Dear Rich People …All you wealthy Americans, stop complaining and save the economy!
Posted Saturday, Jan. 19, 2008, at 7:10 AM ETTo: The Filthy Rich
CC: The Stinking Rich; the Pretty-Darned Rich
From: America
When the Gulfstream lands in St. Bart's, can you have your assistant set up a call? We need to talk.
Look, you've had a pretty good deal these past few years. We gave you everything you wanted. Massive reductions in the top income-tax rates? Happy to oblige. Cuts on dividends and capital gains taxes, which overwhelmingly benefit you? No problem. Going after the estate tax—excuse me, the death tax? You got it. We've even agreed to overlook the fact that you private-equity and hedge-fund managers pay only a 15 percent tax rate.
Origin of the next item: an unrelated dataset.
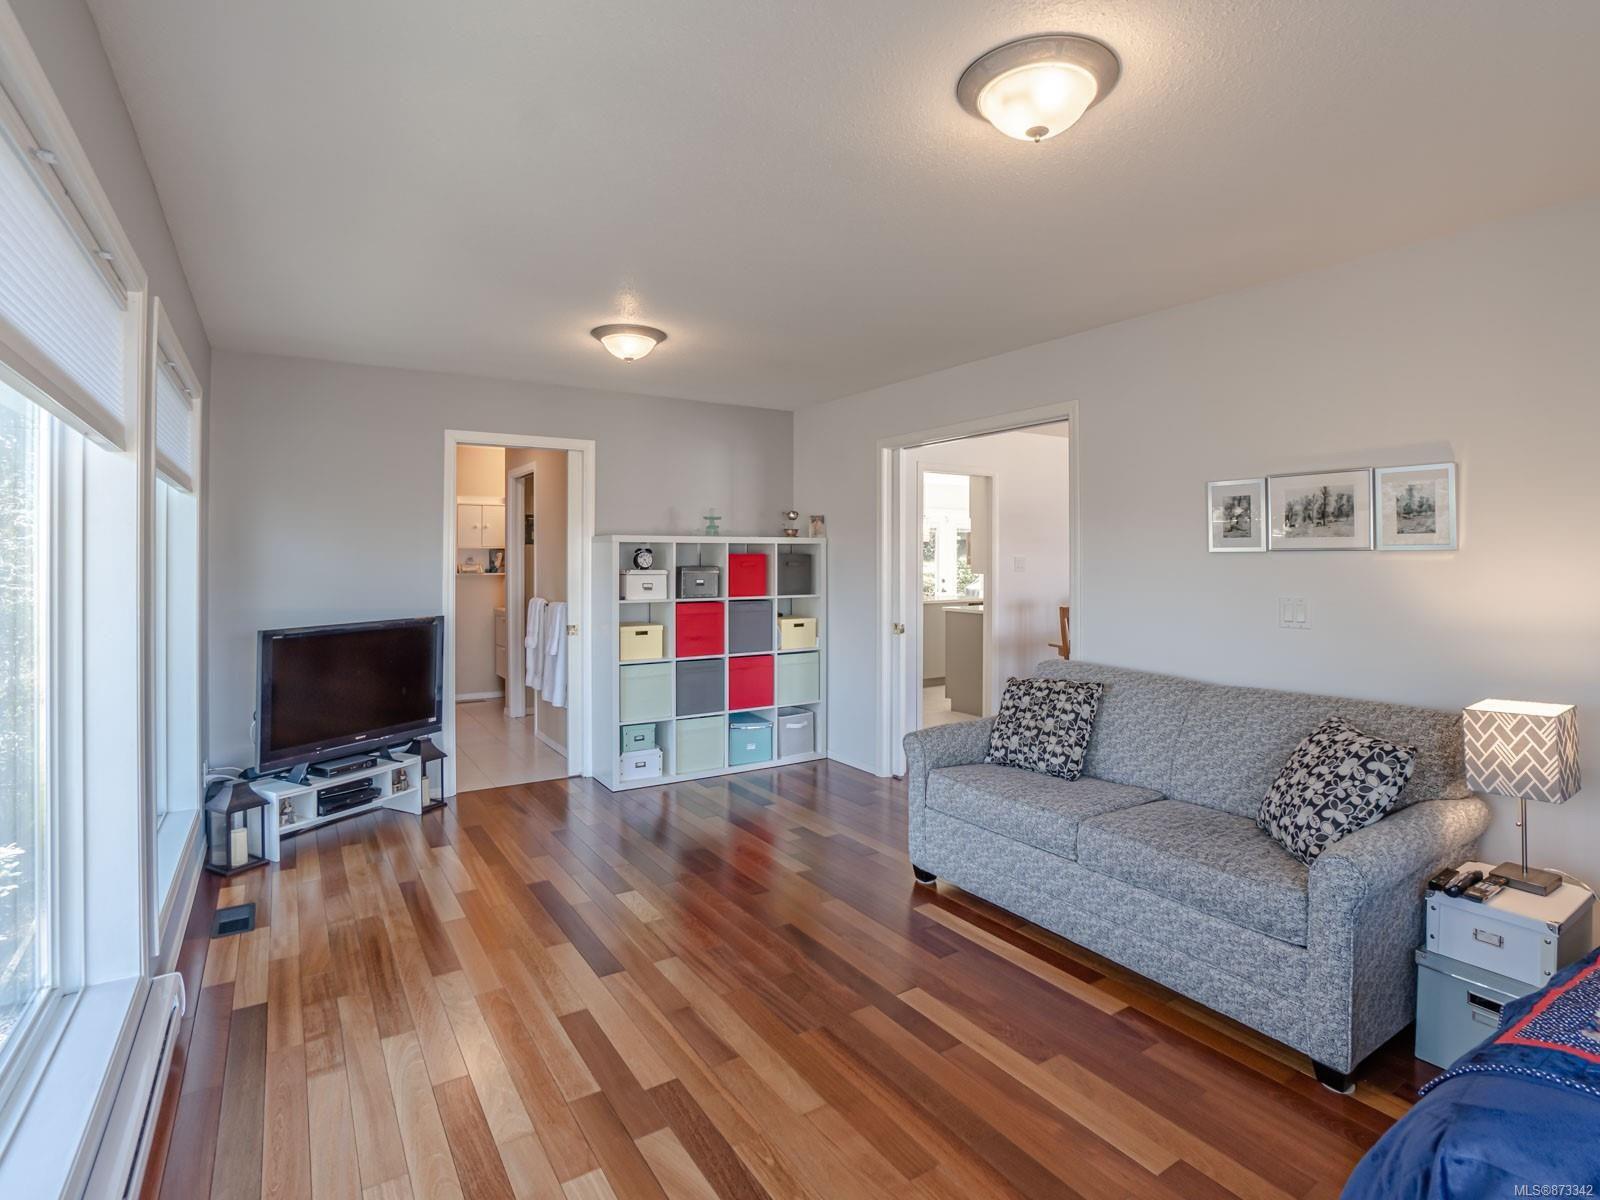 Photo 19: Photos: 5294 Catalina Dr in : Na North Nanaimo House for sale (Nanaimo)  : MLS®# 873342

Because we like you, we've pretended not to notice your gauche taste and rude manners. (You know you're benefiting from the greatest concentration of wealth since the 1920s, right? The share of national income taken down by the wealthiest 1 percent rose from 14.6 percent in 2003 to 17.4 percent in 2005, according to Emmanuel Saez of the University of California-Berkeley.) We have sat patiently on JetBlue and Southwest as your private jets clog runways. We continue to bust our butts, defend the borders, and uphold the rule of law in order to protect your fortunes and property.
All we've asked in return is that you do a couple of things you're really good at: Spend and invest that money close to home. Hire us and buy from us. Keep the cash registers ringing, the asset managers managing, and all the service providers providing the many services you so richly deserve.
Most of the time, you've lived up to your end of the bargain recently, buying grotesquely large second homes; splurging on third marriages and fourth cars; throwing expensive, self-aggrandizing parties; and occasionally even funding some medical research. You've also been investing locally, which we appreciate. We're glad that you and your friends have what stock-market types call a "home bias," or overexposure to the domestic market. At the end of 2006, says Jeff Applegate, chief investment officer of Citi Global Wealth Management, American investors had more than 80 percent of their stock portfolios in U.S. equities, even though U.S. stock markets accounted for well under half the global supply.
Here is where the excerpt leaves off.